# Publicly available trading data for Representatives and Senators

This data is made available because of the 2012 STOCK Act.

## Data for each group can be found here:
- Reps: https://disclosures-clerk.house.gov/FinancialDisclosure
- Senators: https://efdsearch.senate.gov/search/home/

# Data from the House of Representatives
We'll start with data from the House of Representatives since they are the larger of the two groups and most of the people whose trading data we care about are Representatives.

The data that the Clerk of the House provides are in the form of zip files.

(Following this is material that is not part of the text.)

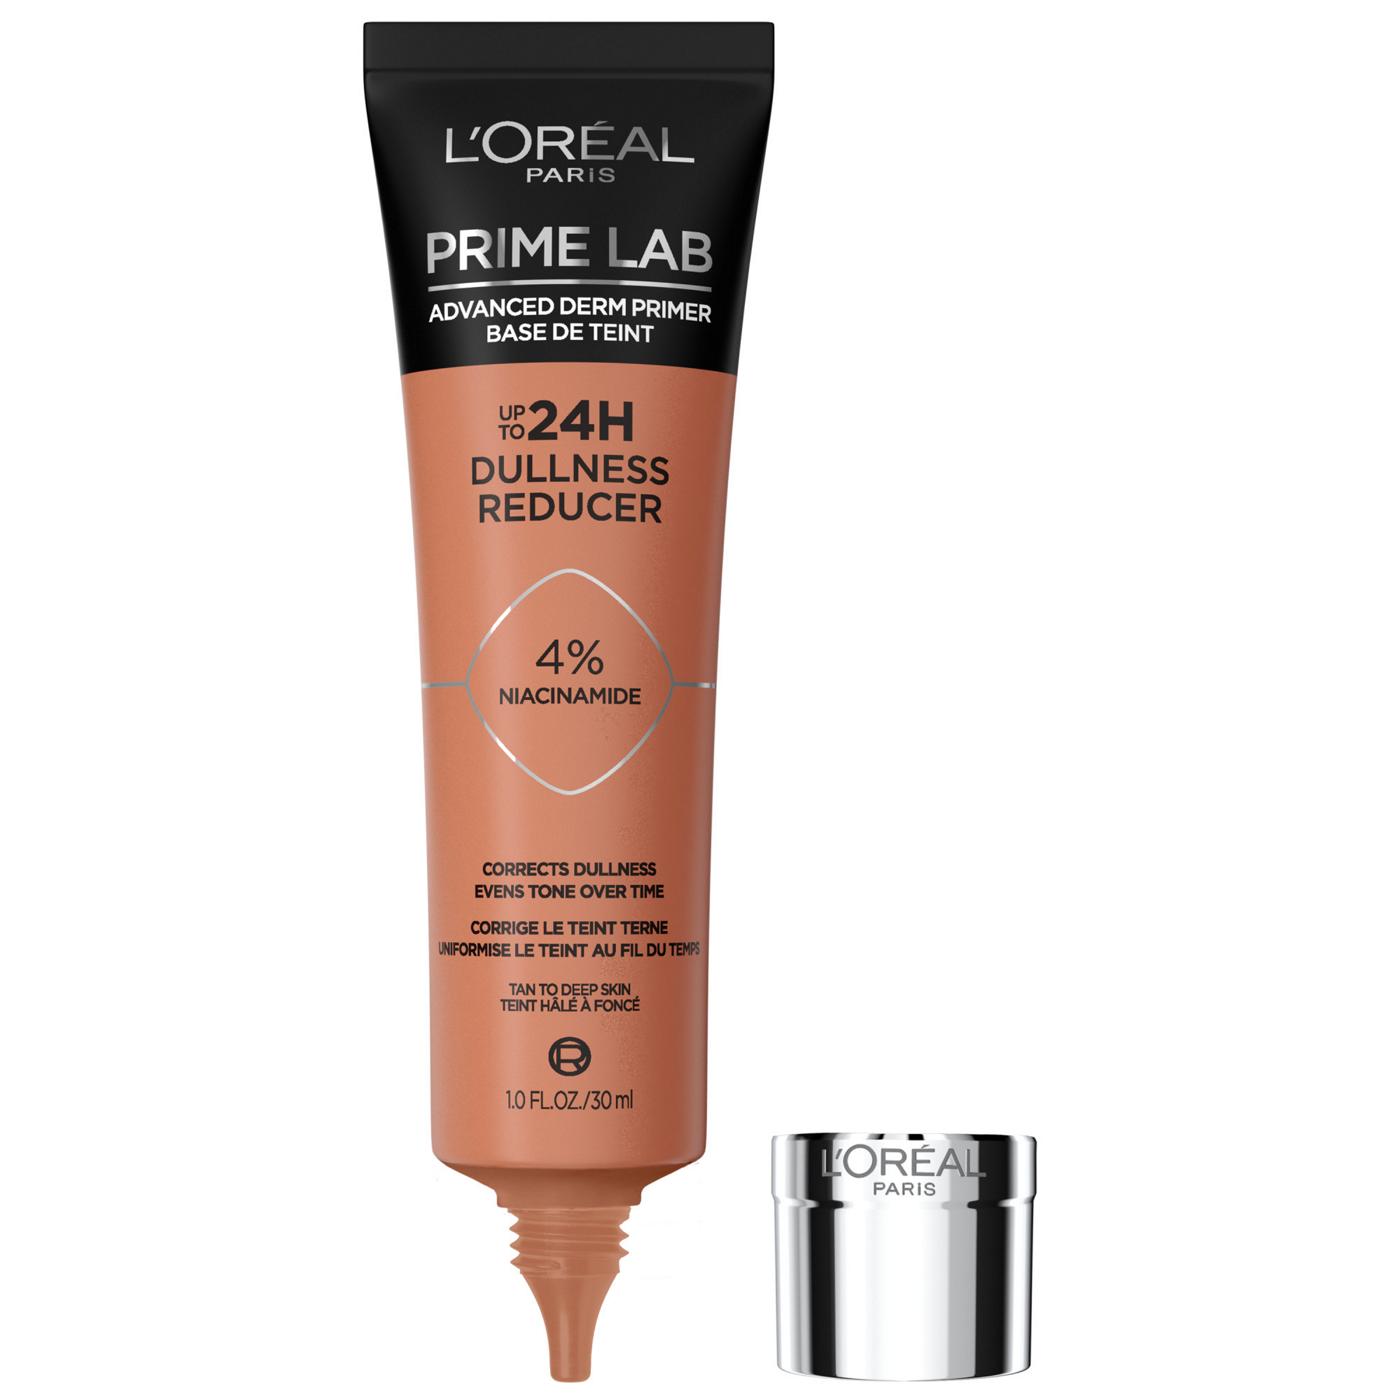 L'Oréal Paris Prime Lab Primer Dullness Reducer; image 1 of 6

The data in this zip files serve as an index to all of the original pdfs that each member must submit.

The zip files from the public disclosure website come in either text or xml format.
Their schema is the following:
- Prefix - the title of the person, nullable
- Last - the Representative's last name
- First - the Representative's first name
- Suffix - the Representative's suffix, nullable
- FilingType - one of C, D, P, W, X (more info below)
- StateDst - the state and district the person is representing
- Year - the year of the filing
- FilingDate - the date of the filing
- DocID - the internal id of the document, used for downloading the original pdf

## A breakdown of the FilingTypes

C - Candidacy Financial Disclosure Report:
    Candidates are required to disclose their net worth and assets.
    Example: https://disclosures-clerk.house.gov/public_disc/financial-pdfs/2024/10061382.pdf

D - Financial Disclosure Report
    Candidates are required to disclose if they have receieved more than $5,000 for their campaign.
    Example: https://disclosures-clerk.house.gov/public_disc/financial-pdfs/2024/40003638.pdf

P - Periodic Transaction Report
    Candidates are required to disclose any transactions within 45 days of that transaction.
    Example: https://disclosures-clerk.house.gov/public_disc/ptr-pdfs/2024/20025368.pdf

W - Withdrawl of Candidacy
    Example: https://disclosures-clerk.house.gov/public_disc/financial-pdfs/2024/7923.pdf

X - Financial Disclosure Extension Request
    Example: https://disclosures-clerk.house.gov/public_disc/financial-pdfs/2024/30022024.pdf

**P FilingTypes are what we are most interested in, they provide the trade type,actual stock tickers, general amounts, and dates**

### Where are the original pdfs stored?
Each pdf is stored at URL that is a combination of the FilingType, Year, and DocID.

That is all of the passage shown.